AFFIN CREDIT (MALAYSIA) SDN BHD V. YAP YUEN FUI [1984] 1 MLJ 169

Fact

In this case the appellant had let a motor car to the respondent under a hire-purchase agreement dated August 14, 1980. The respondent fell into arrears with the payment and the motorcar was repossessed and sold by the plaintiff for the sum of RM12,000.00. The appellant brought and action for the balance outstanding under the hire-purchase agreement for the sum of RM13,174.97. The respondent denied the whole claim and sought the protection of the HirePurchase Act, 1967. He alleged that the appellant had

a) failed to comply with section 4(1) of the Act by failing to give him a written agreement consisting of a summary of his financial obligations under the proposed hire-purchase agreement as set out in Second Schedule to the Act,

b) failed to supply him with a copy of the hire-purchase agreement within fourteen days of its execution, an obligation imposed under Section 5(1) of the Act.

Held

The President of the Session Court found that both the provisions of Section 4(1) and 5(1) of the Act had been breached and he dismissed the claim.

On appeal, Abdul Razak J. was inclined to agree with the appellant that on evidence there was in fact had complied with the provision of section 5(1), but had violated section 4(1) by the plaintiff

for failure to serve the statement in the second schedule on the defendant before the hirepurchase agreement was entered. Therefore, appellant had failed to prove that it had entered into a valid and proper agreement with the respondent. He therefore dismissed the appellants claims.

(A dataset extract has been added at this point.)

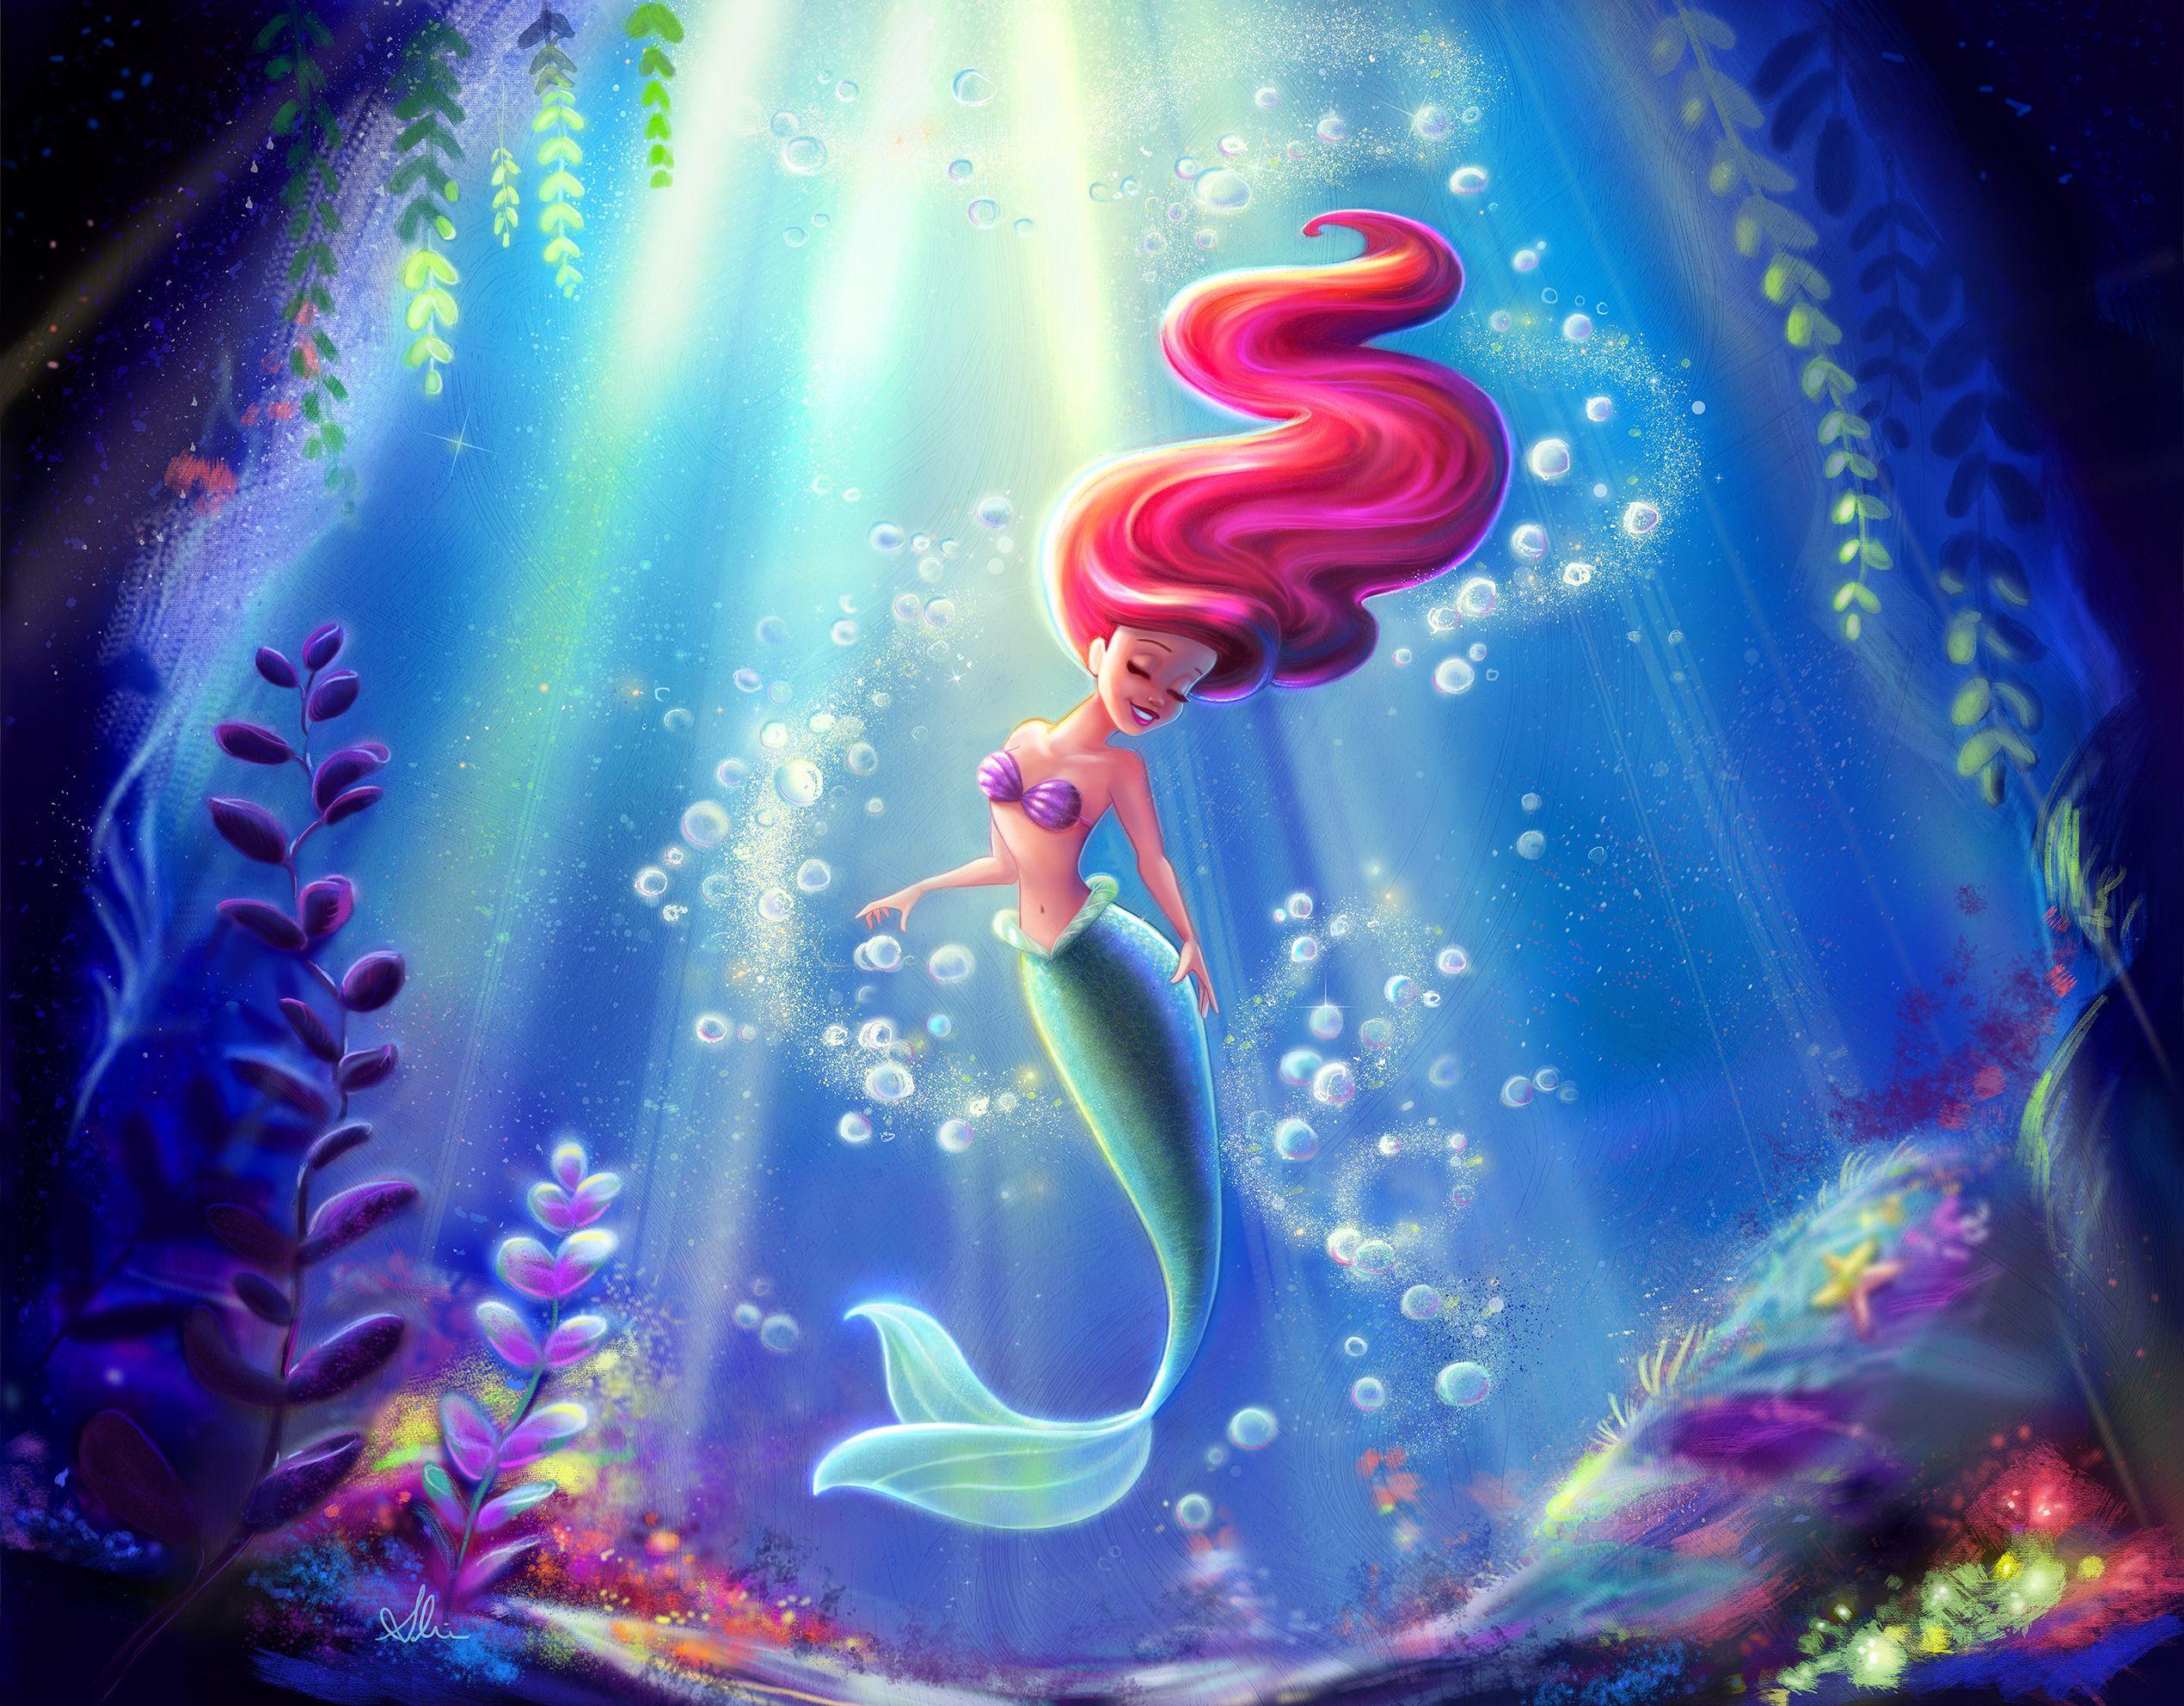 The Little Mermaid Wallpapers Top Free The Little Mermaid

MOHAMED AZMI F.J. In our view, the plaintiffs claim was rightly dismissed by the lower courts, not because the hirepurchase agreement was unenforceable, but because no agreement had in fact been entered into by the parties. In this context the learned Judge was right in describing the agreement as void ab initio for lack of offer and acceptance. The written offer signed by the defendant without the condition precedent being fulfilled was not an offer recognized by the Hire-Purchase Act and as such there could not be acceptance by the plaintiff of a non-existent offer.

Notes

1. The case indicate that section 4(1) contains a positive and mandatory obligation on the part of the owner to give a written statement to the prospective hirer before an offer to enter into o hire-purchase agreement can be accepted and thereby brings about the formation of an agreement. 2. The non compliance with the provision of Section 4(1) of the Hire-Purchase Act 1967 would render a hire-purchase agreement void ab initio. 3. It is clear that the plaintiff has breached the provision.